Building that case law knowledge will take time, as AI systems and their use matures and evidence from the field feeds in new data to make us understand better how to regulate AI systems. Current practice highlights that this is not easy: for example, the well-publicized, and unfortunately fatal crashes of a famous AV/EV car manufacturer, puzzle a lot of practitioners and law enforcement agencies: the interim report of one of the fatal crashes reported, points to a human driver error – as the driver did not react on time to prevent the fatal crash – but the role and functionality of the autopilot feature is at the core of this saga: did it malfunction by way of not identifying correctly the object that obstructed the vehicles’ route? It appears that the truck was cutting across the car’s path instead of driving directly in front of it, which the radar is better at detecting, and the camera-based system wasn’t trained to recognize the flat slab of a truck’s side as a threat. But even if it did, does it really matter?

The US transportation secretary voiced a warning that “drivers have a duty to take seriously their obligation to maintain control of a vehicle”. The problem appears to be in the public perception of what an autonomous vehicle can do. Marketing and commercial interests seem to have pushed out the message of what can be done rather than what can’t be done with a semi-autonomous vehicle. But this is changing now, in the light of the recent crashes and interestingly enough, if it was AI (by way of machine vision) and conventional technology (cameras and radar) that let us down, the manufacturer is bring in more AI to alleviate the situation and deliver a more robust and safe semi-autonomous driving experience.

Where do we go from here

So, any rushed initiative to put out some sort of an AI watchdog in response to our fears and misconception of the technology will, most likely, fail to deliver the anticipated results. We’d rather spend more time and effort to make sure we push out the right message about AI, what it can do and most importantly, what it can’t do. AI systems and current practice also needs to mature and reach a state where we have, at the very least, a traceable reasoning log and the system can adequately and in human terms, explain and demonstrate how it reached its decisions. Educating the public, law and policy stakeholders is critical too. As the early encounters with the law enforcement agencies in the AV/EV semi-autonomous vehicles show, there is little understanding of what the technology really does, and where you draw the line in a mixed human-machine environment; how do you identify the culprit in a symbiotic environment where is hard to tell who’s in control: human or machine? Or both?

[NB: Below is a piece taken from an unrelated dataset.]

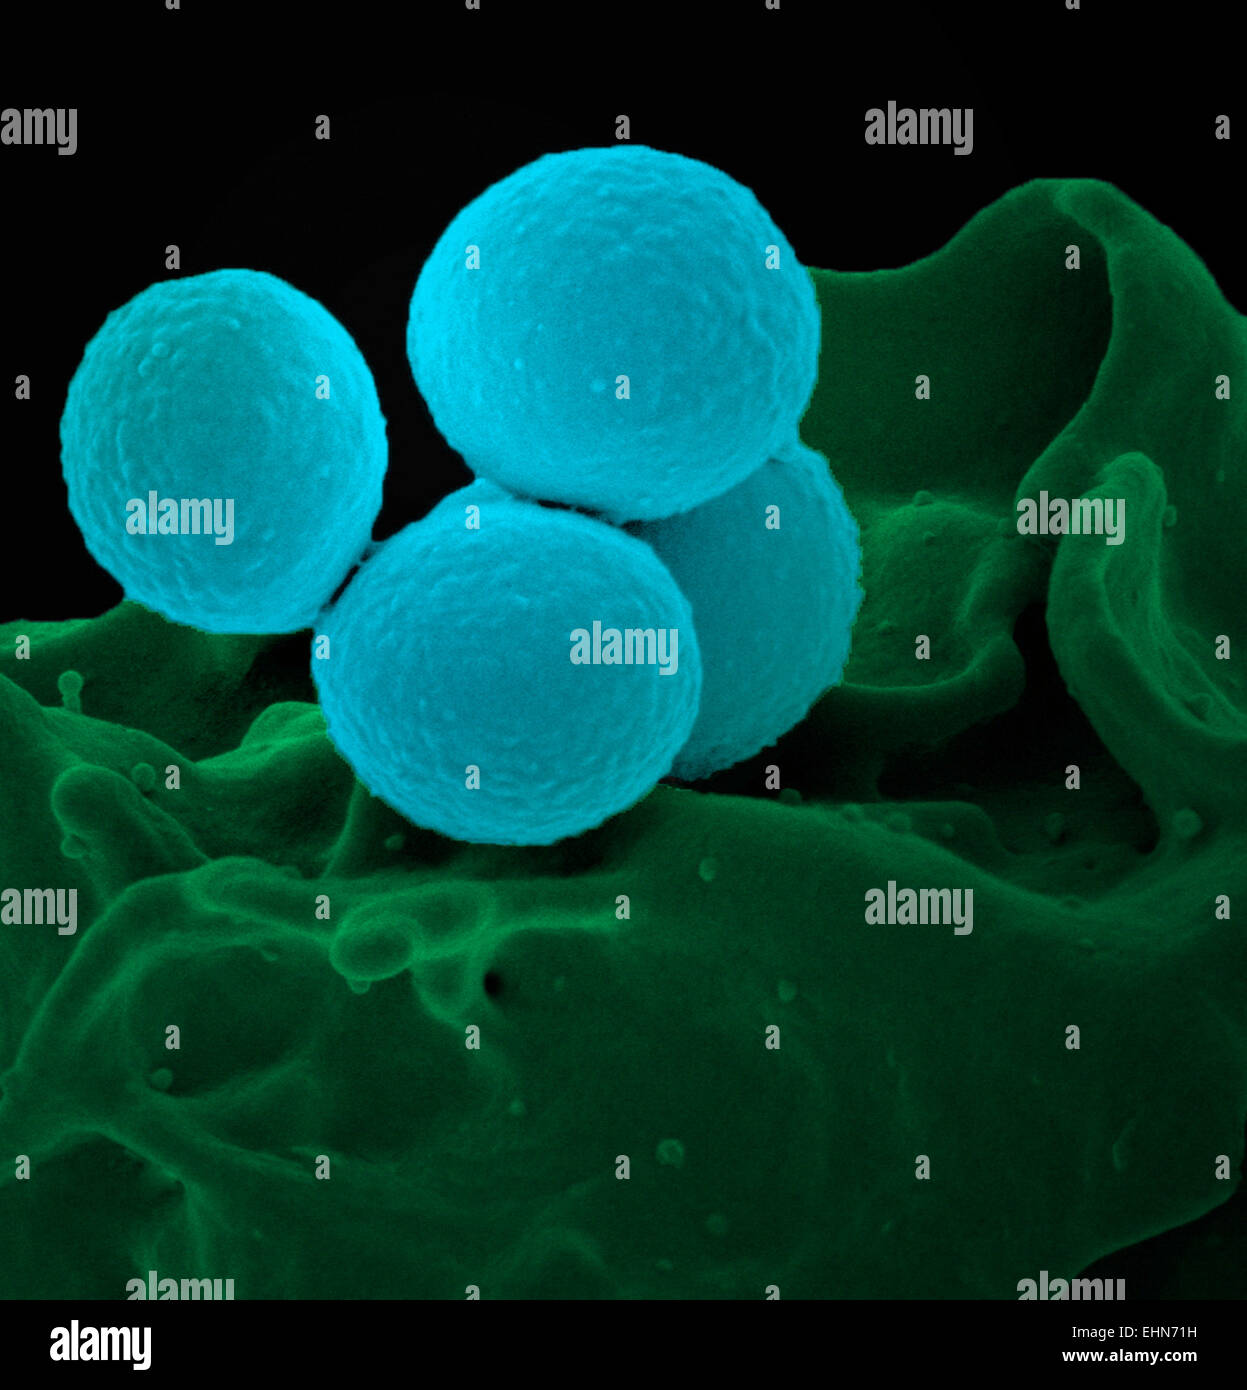 Coloured scanning electron micrograph (SEM) of methicillin-resistant Staphylococcus aureus (MRSA) bacteria. Stock Photo

I sense that what we need more is not a heavy handed, government-led or industry lobby-led watchdog, but commonly agreed practices, principles, protocols and common operating models that will help practitioners to deliver safe AI and beneficiaries to enjoy it. It may well be the case that once we develop a solid body of knowledge about best practices, protocols and models, we set up independent watchdogs, free from commercial influence, to make sure everyone is playing by the rules.